She sidled to him, forgotting her coldness in the strange sight that greeted her eyes. In the plain below was a round and shining ball. A cave stood open in the sides of the ball; from this cave issued creatures. Not men, like themselves, nor animals like Tran the Long-Toothed or Shur the Swinger. But odd creatures dressed in silver hair that glistened. Hastily she swung behind Bab as he clambered down the side of the cliff, intent on plumbing this marvel.
Fearlessly they approached the shining ball. One of the creatures raised his voice in strange, fluent, meaningless syllables. Others of the Shining Ones came running. They raised hands in token of friendship. Bab and Thaa responded. Thaa shivered in awe as she watched the strange beings. Were they gods? she thought.

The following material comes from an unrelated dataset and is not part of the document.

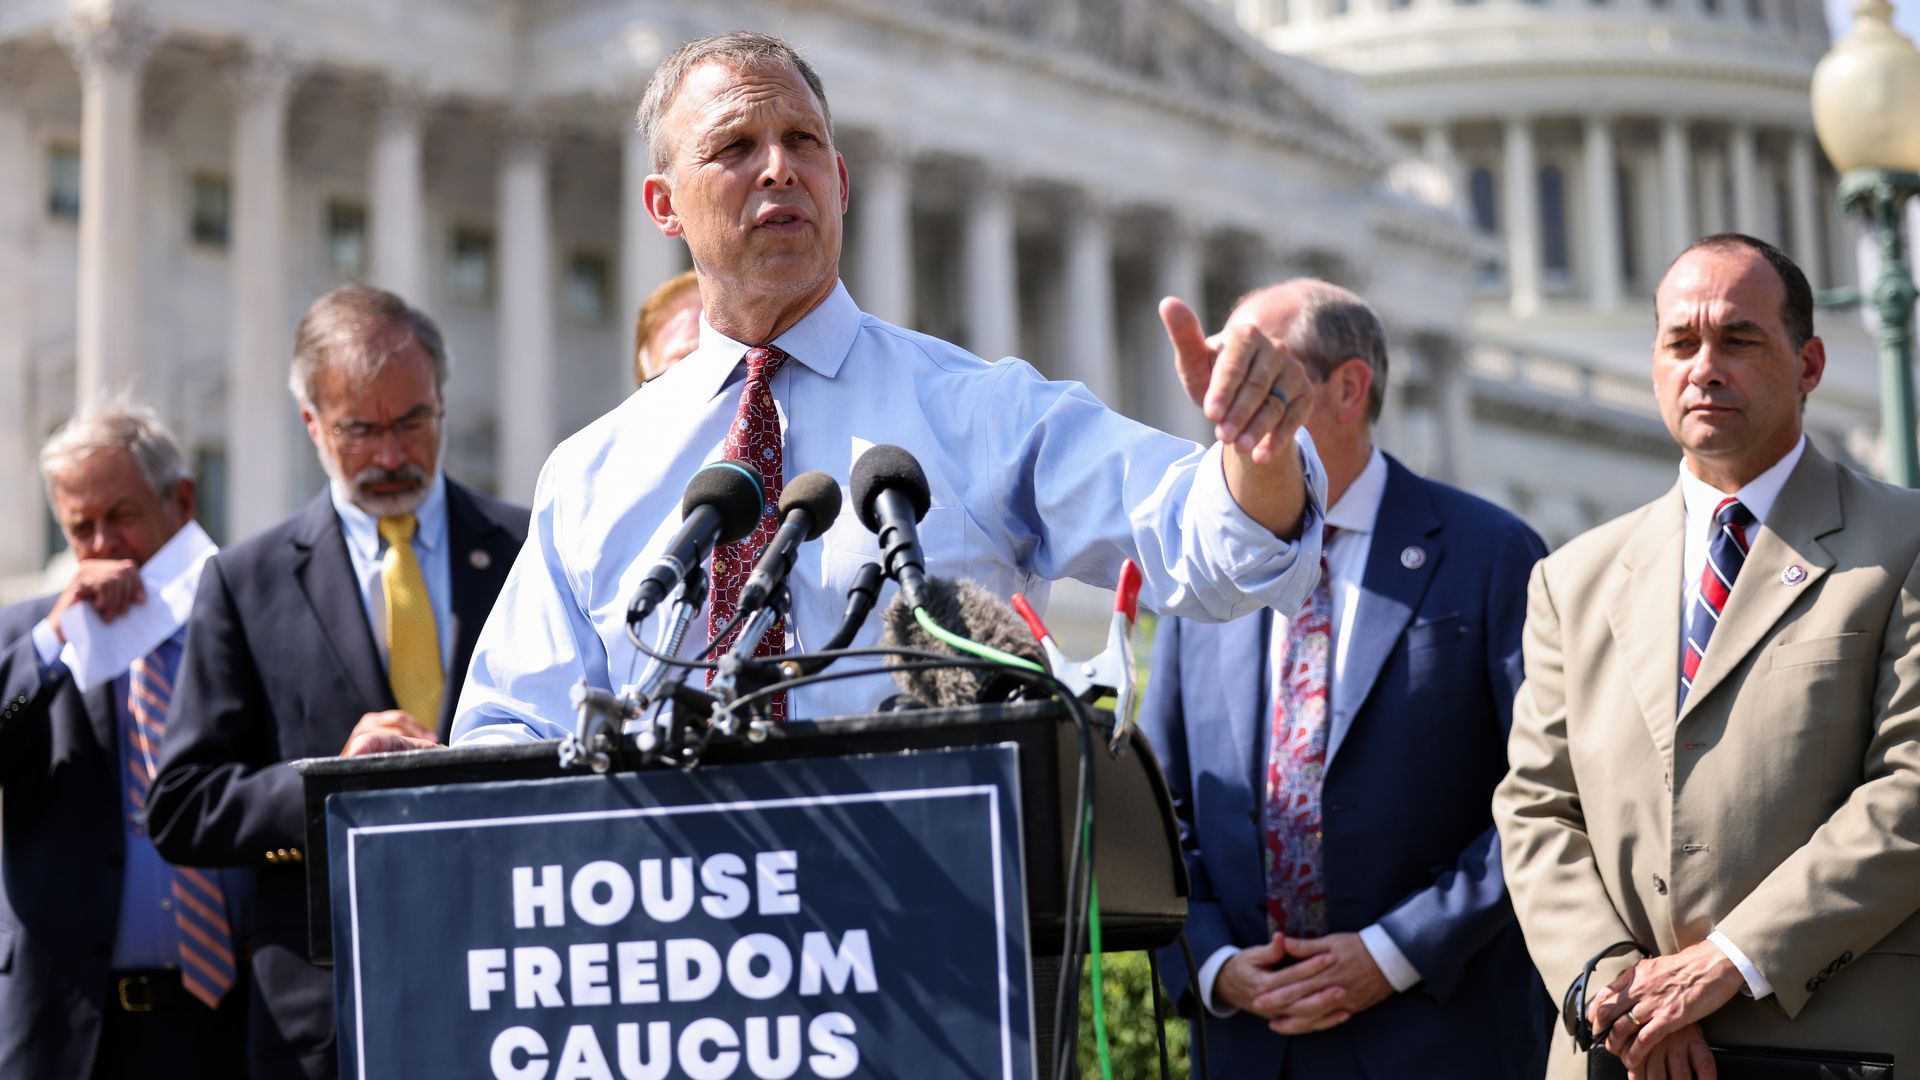 Man gestures while speaking at a podium that reads House Freedom Caucus in front of the U.S. Capitol building.

One of the visitors saw her shiver, moved forward.
"Poro methe eus?" he asked.
Thaa gazed at him dumbly; her eyes adoring. The tongue of the gods was not for mortals to know. She bowed. The young visitor turned to one of his elders.
"The creature is cold, but knows not that I have asked her so. What shall I do?"
The elder nodded sadly.
"What matters it? Let them live or die, sad brutes, as you think best. When I consider the waste, the futility, of our tedious voyage across the emptiness of space to find these as our neighbors—" He sighed.
"Yet some day," mused the younger one, "may evolve from these beasts men like ourselves. Who knows? Our world is older than theirs, and wiser. Yet even now our planet is dying. By the time they have become intelligent enough to return this visit, we may be dead, our civilization ended.